The company, “addresses a rapidly evolving world where individuals are living, learning, and transitioning between roles more frequently. Honor integrates breakthrough educational methodologies, personalized guidance, AI course enhancement, and mobile-first technology, empowering individual learners and organizational leaders to navigate change with confidence,” the funding announcement says.
Even before this funding, Honor was rolled-up with big names such as The Wharton School at the University of Pennsylvania, and the University of Miami Herbert School of Business. Its corporate affiliations also include Netflix, Moderna, Pinterest, and Synopsys.
In a pre-announcement Q&A, Podolny said Honor was “rethinking online learning from the ground up – not as a content delivery platform, but as a powerful social and motivational experience. While much of the digital learning industry has focused on scaling access, Honor is tackling the harder, more human challenge of how to make online anywhere, anytime learning engaging and stimulating.”
Different among the chorus of providers in the continuing education and online learning space, Podolny said, “The company was founded on the premise that people learn better when they learn together, and we don’t believe that the benefit of anywhere, anytime access to digital content implies that learning has to be lonely.” Based on his work at Apple and at Yale, he said that, “the result is a radically more effective experience, one that blends social dynamics, smart design, and behavioral science to drive real learner progress.”
As for the influx of funding, Podolny said Honor will use it to, “reach and serve more partners and clients. It will help expand Honor’s AI enhancements for both course creators and learners – helping subject matter experts quickly spin up engaging courses grounded in the content that they curate.”

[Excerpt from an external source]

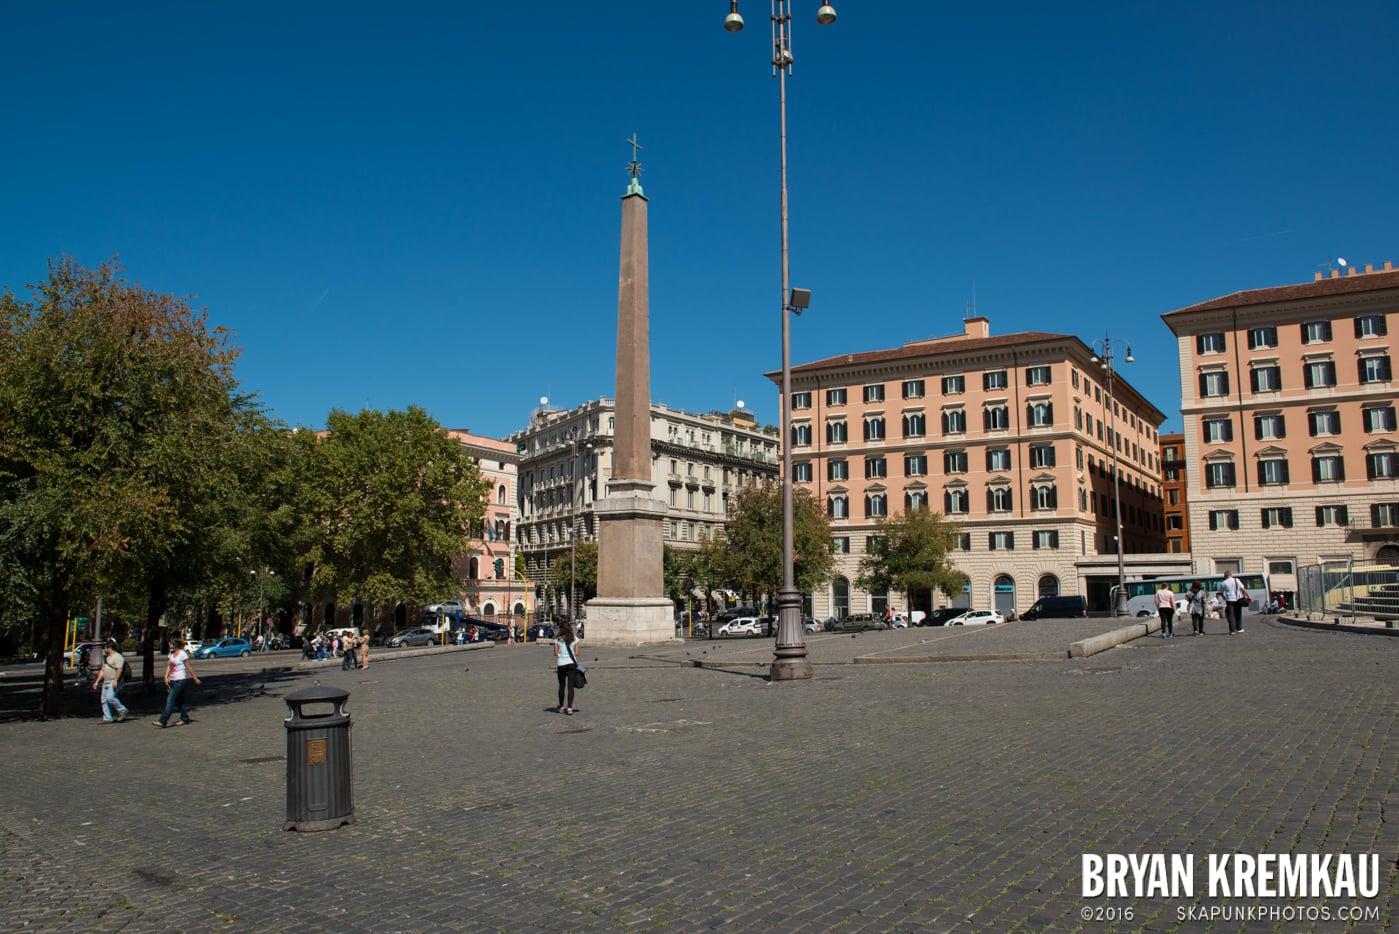 Italy Vacation - Day 12: Rome - 9.20.13 (49)

In the online continued learning market, the devil has always been completion rates, usually slow and abysmally low. But in his interview, Podolny said that Honor’s “completion rate for self-directed courses is 85%,” which would rival, and even surpass, most big-name, on-campus programs. “The typical self-paced online course sees completion rates between five and 15 percent,” he said. The 85% number Honor boasts, Podolny says, is “the result of fundamentally rethinking how digital learning works.” He said later, “Where most platforms focus on delivering content, Honor puts human connection at the center. Our courses are designed to feel socially alive, even asynchronously.

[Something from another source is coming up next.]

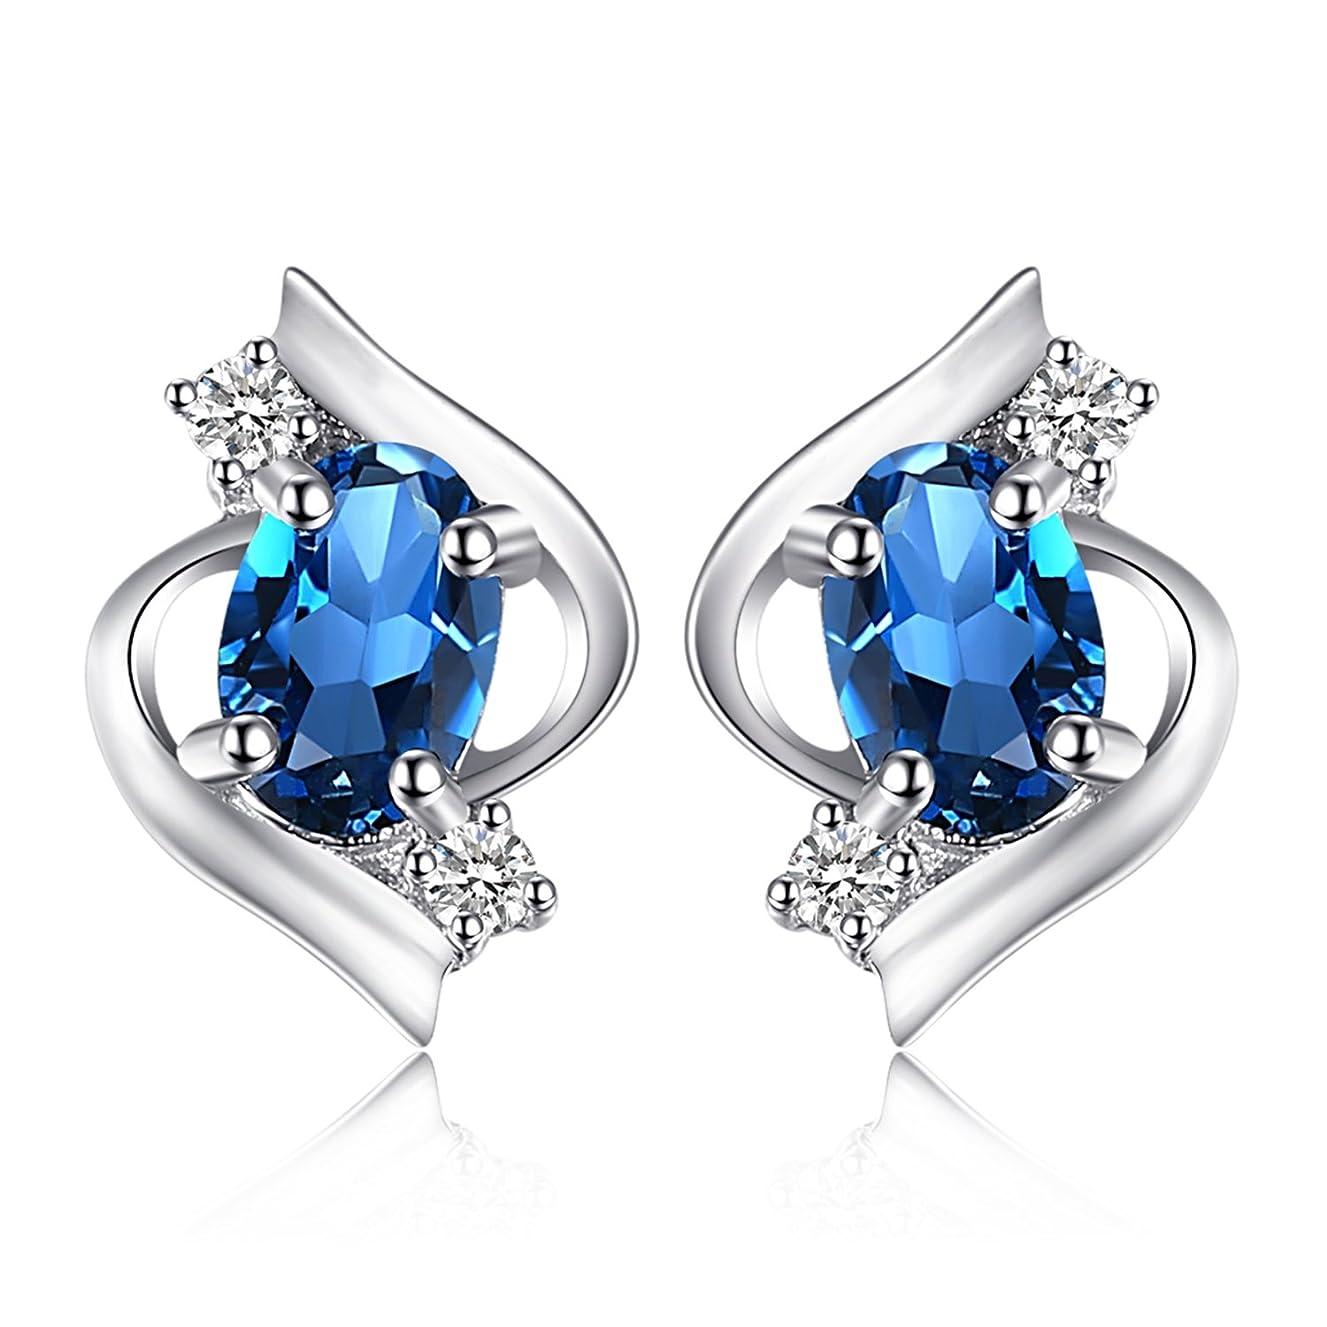 忘れられない一時停止銀JewelryPalace 女性 宝石 天然石 11月 誕生石 ロンドンブルー トパース ピアス スタッド スターリング シルバー 925 人気

“We believe that by offering our partners a turnkey credentialing engine that combines instructional design, platform delivery, and branded certification, we’re providing them with everything they need to convert intellectual capital into high-impact, high-completion learning experiences that drive reach, revenue, and long-term engagement,” Podolny said.
Citing the company’s 2024 impact survey, Podolny shared that 92% of learners in that survey said Honor increased their engagement while 90% said it improved comprehension.

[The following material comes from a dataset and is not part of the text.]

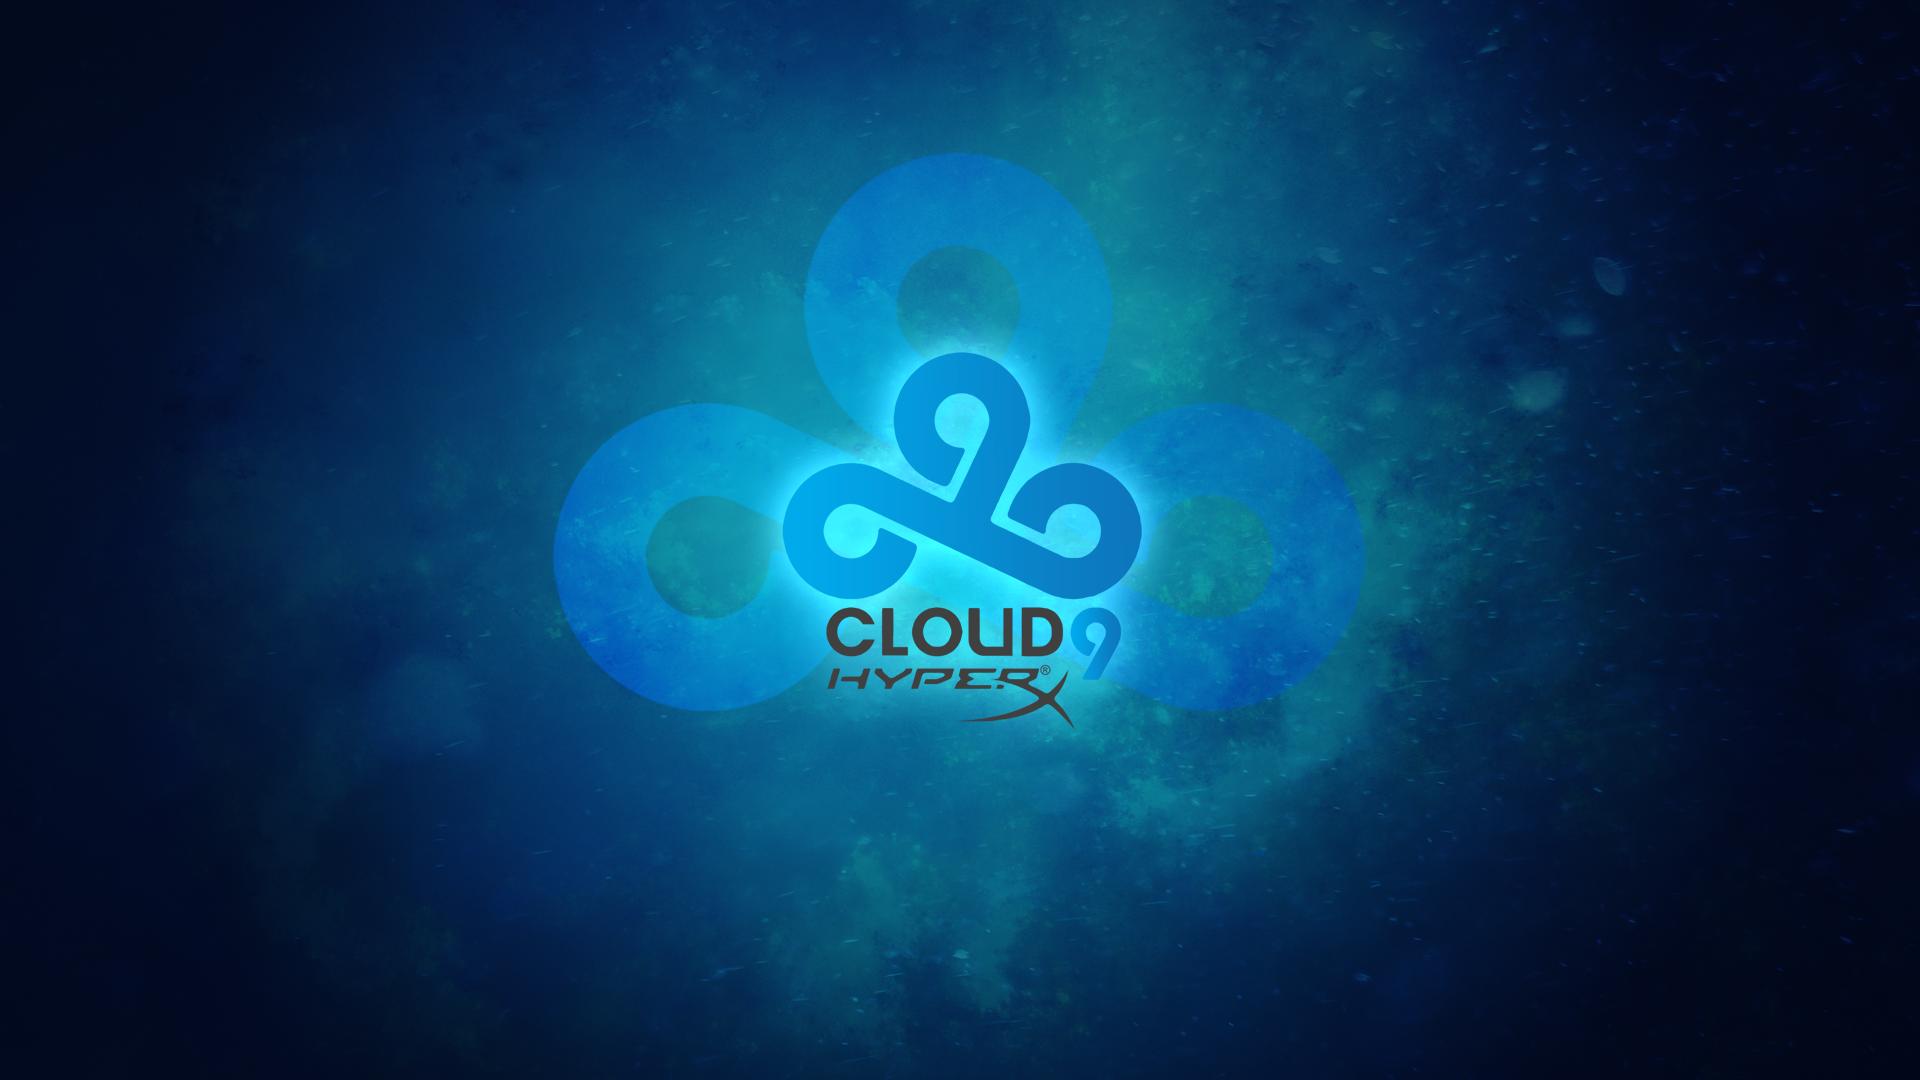 48 Cloud 9 Wallpaper On Wallpapersafari

“Five years from now,” Podolny said, “Honor will be the connective tissue for the learning experiences that not only support individuals in realizing their own goals and ambitions, but also help the groups, teams, and organizations of which the individual is a part to realize theirs.” He added that by 2030, “A credential on the Honor platform will mean more than just a badge. It will be a marker of shared identity, trust, and long-term impact.”
If his vision arrives even in part, it would shake up a massive market with big, well-funded players such as Udemy, Coursera, and Skillshare – some of which have struggled recently to prove their long-term potency and use, seeing dips in customers and revenue. Accordingly, it’s not too hard to see why investors may be interested in a new model and new approaches in this mega-market.
In fact, Podolny sees a whole new market. Or at least one that’s built on different foundations.
“Today’s online learning is based on false assumptions – presuming that learners lead lives where they can hole themselves up with a laptop and keep themselves engaged staring at their screen as they play videos and scroll through PDFs. That isn’t today’s reality,” Podolny said. “Individuals need learning that can be woven into the other demands of their lives, while still connecting them to peers or fellow team members that bring insight and motivation through shared learning.”